A l’inverse, le gouvernement Eisenhower utilise toutes les armes à sa


disposition pour contraindre son " allié ". Au premier rang de celles-ci
figure le Fonds monétaire international (FMI). A priori, cette institution
internationale est apolitique et ouverte à tous. La France, qui s’était
lancée dans l’aventure pour affaiblir Nasser qu’elle considère comme
l’un des principaux supports du mouvement nationaliste algérien, a la
possibilité de fortifier sa position financière en empruntant 262,5
millions de dollars le 17 octobre, le plus gros prêt alors réalisé par le
FMI. Mais la Grande-Bretagne ne peut obtenir le moindre dollar pour
renflouer ses réserves. Comme le déclare alors sans ambages le
secrétaire américain au Trésor, George Humphrey, à son collègue
John Foster Dulles, ministre des Affaires étrangères, un prêt du FMI
n’est rien d’autre qu’un prêt du gouvernement américain ! Celui-ci
refuse également la possibilité d’un prêt aux Britanniques ainsi que
l’octroi d’un délai pour le remboursement des dettes dues aux Etats-
Unis. Tout ceci, bien entendu, dans les couloirs feutrés d’une
diplomatie financière où ils se montrent pleins de bonne volonté à
l’égard de leur allié... mais n’en bloquent pas moins toutes leurs portes
de sortie.

Le mensonge de Macmillan
Après l’attaque israélienne et au moment de l’arrivée des troupes
françaises et anglaises, la situation de la livre empire. Le
gouvernement britannique réunit un cabinet de crise le 6 novembre,
au cours duquel Harold Macmillan, le ministre des Finances, dresse
un tableau catastrophique : la livre connaît des attaques sans
précédent sur le marché de New York, orchestrées par le
gouvernement américain, précise-t-il, et la Banque d’Angleterre a
perdu 100 millions de réserves en une seule semaine. De quoi
sérieusement effrayer ses collègues : les Etats-Unis agissent
maintenant à découvert par l’intermédiaire des marchés financiers
pour fragiliser la devise britannique qui, dans ces conditions, ne peut
que s’effondrer. La seule solution est d’accepter le cessez-le-feu
réclamé par les Nations unies, conclut un Macmillan d’autant plus
crédible qu’il avait été jusque-là un partisan déclaré de l’intervention.
Anthony Eden, le Premier Ministre, se range à ses arguments et
accepte le cessez-le-feu. Il en informe par téléphone Guy Mollet qui, à
regret, ne peut que suivre la position britannique.
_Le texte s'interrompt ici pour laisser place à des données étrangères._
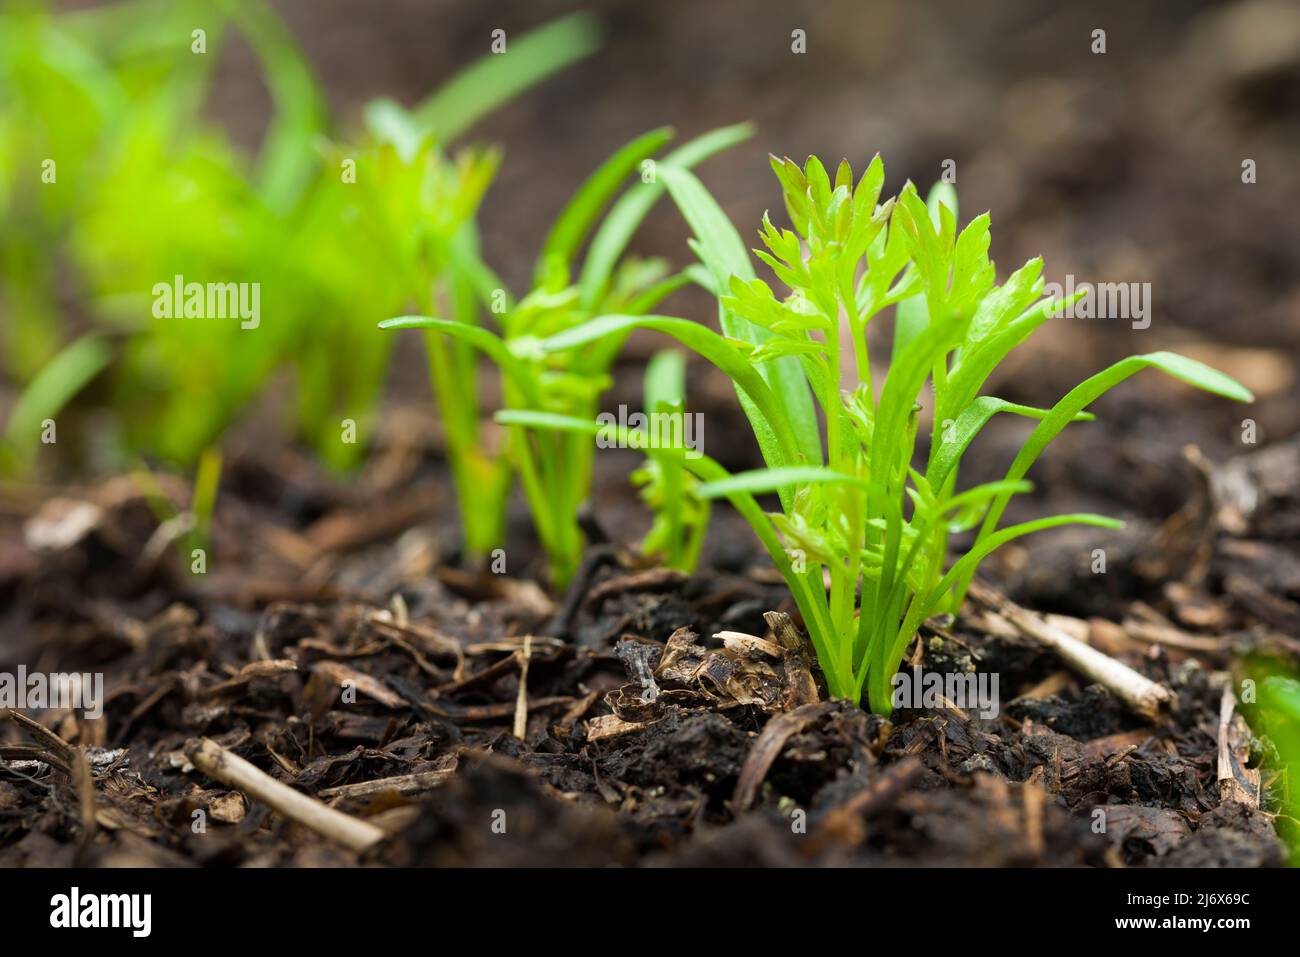 Carrot Resistafly F1 seedlings growing in a no-dig style vegetable garden in spring. Stock Photo

Ce que ne savent pas alors ses collègues ministres, c’est que


Macmillan, paniqué et se tenant en partie responsable de la situation,
a menti. Pas sur la situation générale bien sûr, la crise de la livre est
bien réelle. Mais il a quelque peu dramatisé le tableau pour forcer la
décision au cours de cette réunion politique cruciale : les pertes de
réserves de la semaine sont en fait de l’ordre de 30 millions (un tiers
du chiffre annoncé), et personne, ni au ministère des Finances ni à la
Banque d’Angleterre, ne prétend que le gouvernement américain
serait responsable des attaques contre la livre. La situation décrite par
le ministre des Finances est celle qui se produira en fait trois
semaines plus tard, les pertes du mois entier s’élèveront aux alentours
de 100 millions et la responsabilité du marché des changes (mais pas
du gouvernement !) américain est établie.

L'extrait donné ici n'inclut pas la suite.